■ **DATA FOR ANALYSIS**
┄┄┄┄┄┄┄┄┄┄
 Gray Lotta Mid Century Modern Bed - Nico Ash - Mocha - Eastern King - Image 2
┄┄┄┄┄┄┄┄┄┄
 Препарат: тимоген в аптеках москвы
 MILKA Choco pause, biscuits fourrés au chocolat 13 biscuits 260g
┄┄┄┄┄┄┄┄┄┄
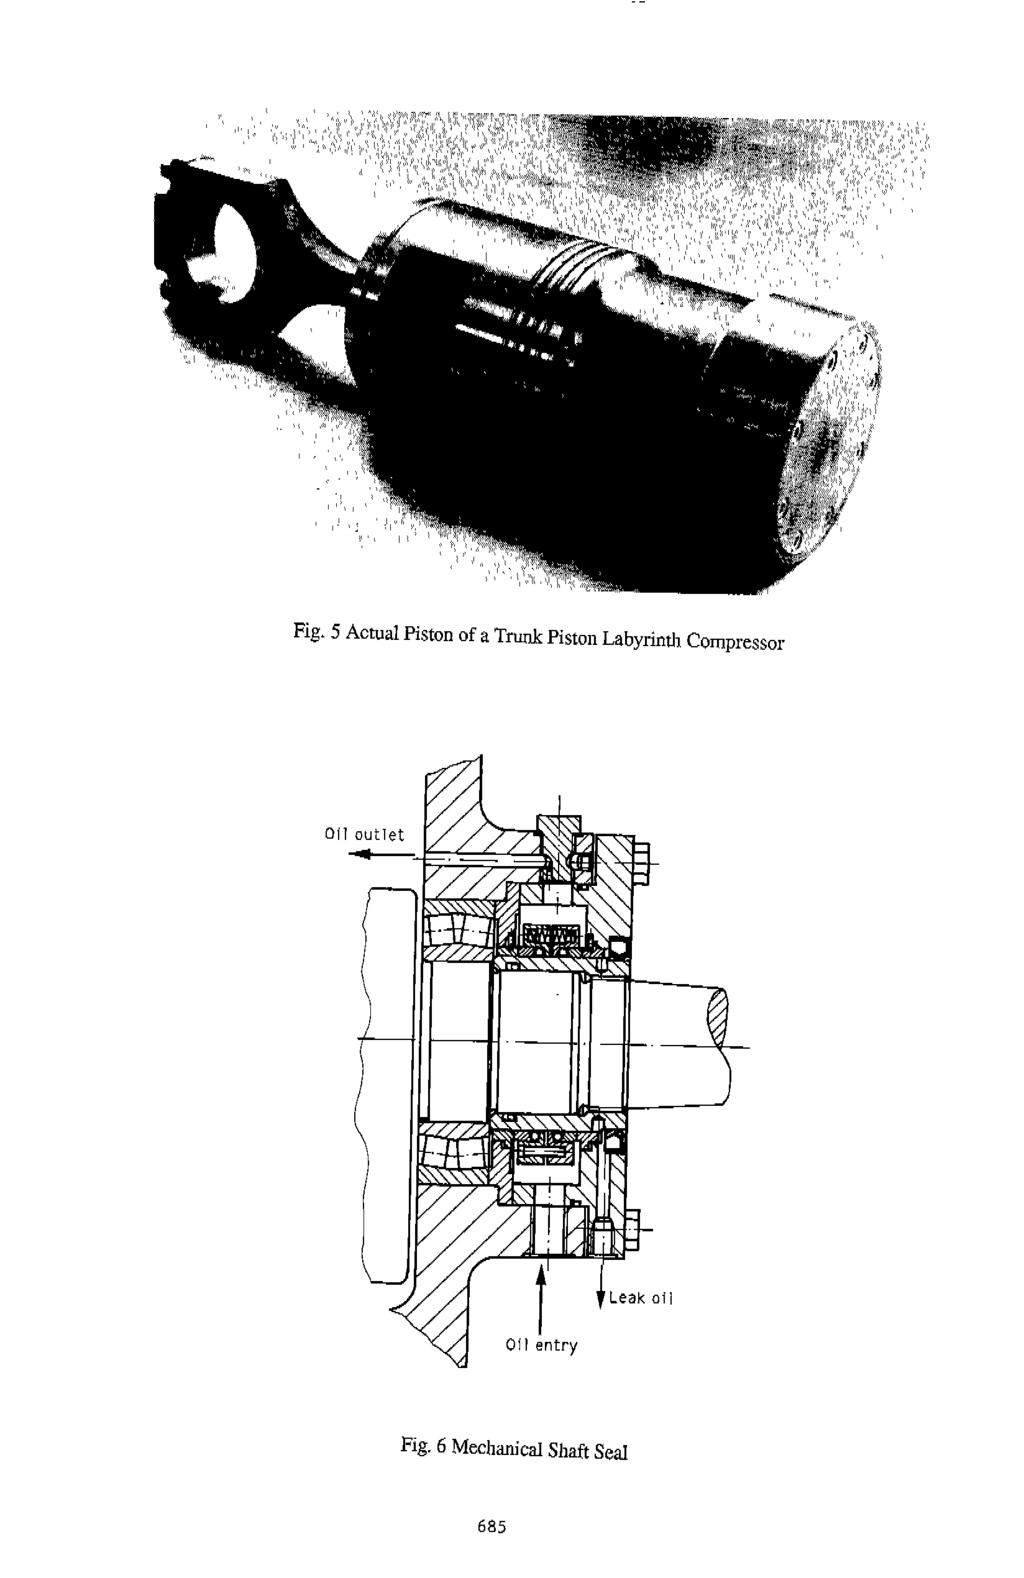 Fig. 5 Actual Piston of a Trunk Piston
┄┄┄┄┄┄┄┄┄┄
In the listing above, find the line with "Препарат: тимоген в аптеках москвы" and the line with "MILKA Choco pause, biscuits", then print exactly those lines and every line between them.

■ **OUTPUT FOR THIS EXERCISE**
 Препарат: тимоген в аптеках москвы
 MILKA Choco pause, biscuits fourrés au chocolat 13 biscuits 260g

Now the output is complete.